Марк снова обнял Женевьеву и крепко прижал к себе. Вот в чем причина их расхождений — их постепенный отход друг от друга вызван разногласиями в вопросе об истине и справедливости, — ее сознание умышленно затуманили, чтобы их поссорить.

— Выслушай меня, Женевьева, есть только одна истина, только одна справедливость. Ты должна меня выслушать — мы должны прийти к соглашению и примириться.

— Ни за что!

— Женевьева, я не могу допустить, чтобы ты оставалась в темноте, когда я так ясно вижу свет. Ведь это разлучит нас навсегда.

— Нет, нет, оставь меня. Ты измучил меня, не стану тебя слушать.

Собрание сочинений. Т. 22. Истина i_020.jpg
Она вырвалась из его объятий и, отстранившись, повернулась к нему спиной. Тщетно пытался он снова ее обнять, целуя и нашептывая ласковые слова. Она не поддавалась и даже не отвечала ему. Ложе любви внезапно остыло.
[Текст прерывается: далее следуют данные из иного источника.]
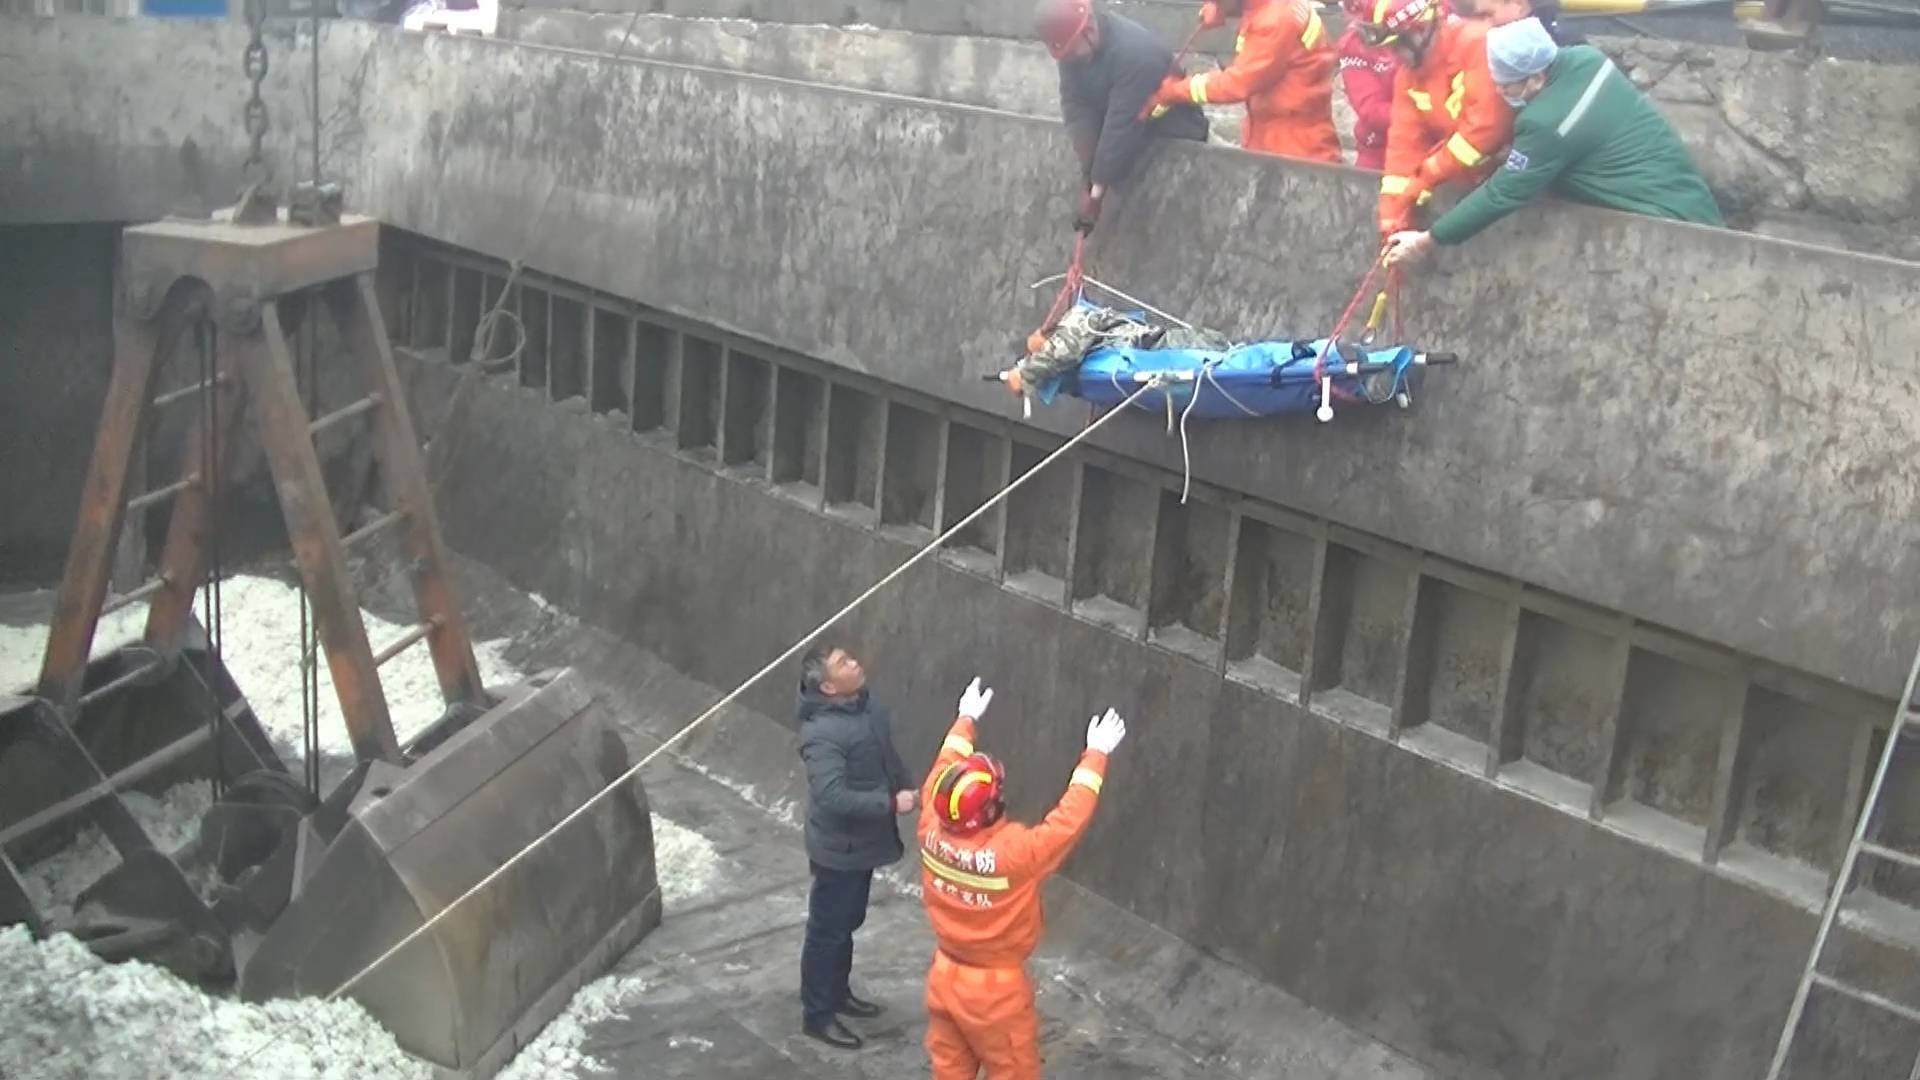 33秒丨注意安全!枣庄一男子失足掉入3米深船舱摔伤

Спальню словно окутал непроглядный мрак, и воцарилась зловещая тишина, предвестница беды.

С этого времени Женевьева стала нервной и раздражительной. В домике на площади Капуцинов больше не щадили Марка, его осуждали при ней, причем искусно усиливали нападки, видя, что она отходит от мужа. Из него сделали опасного злоумышленника, утверждали, что он погубил свою душу, посягнув на бога, которого она обожала. Она искренне негодовала, и это всякий раз отражалось на ее поведении в семье, — она держала себя вызывающе, взаимное охлаждение и неловкость все возрастали. По временам они затевали споры, почти всегда вечером, в постели, так как днем почти не виделись, — он был занят в школе, она постоянно уходила из дома то к бабушке, то в церковь. Это окончательно портило их отношения, она становилась все нетерпимее, и он, несмотря на свою выдержку, иногда поддавался раздражению.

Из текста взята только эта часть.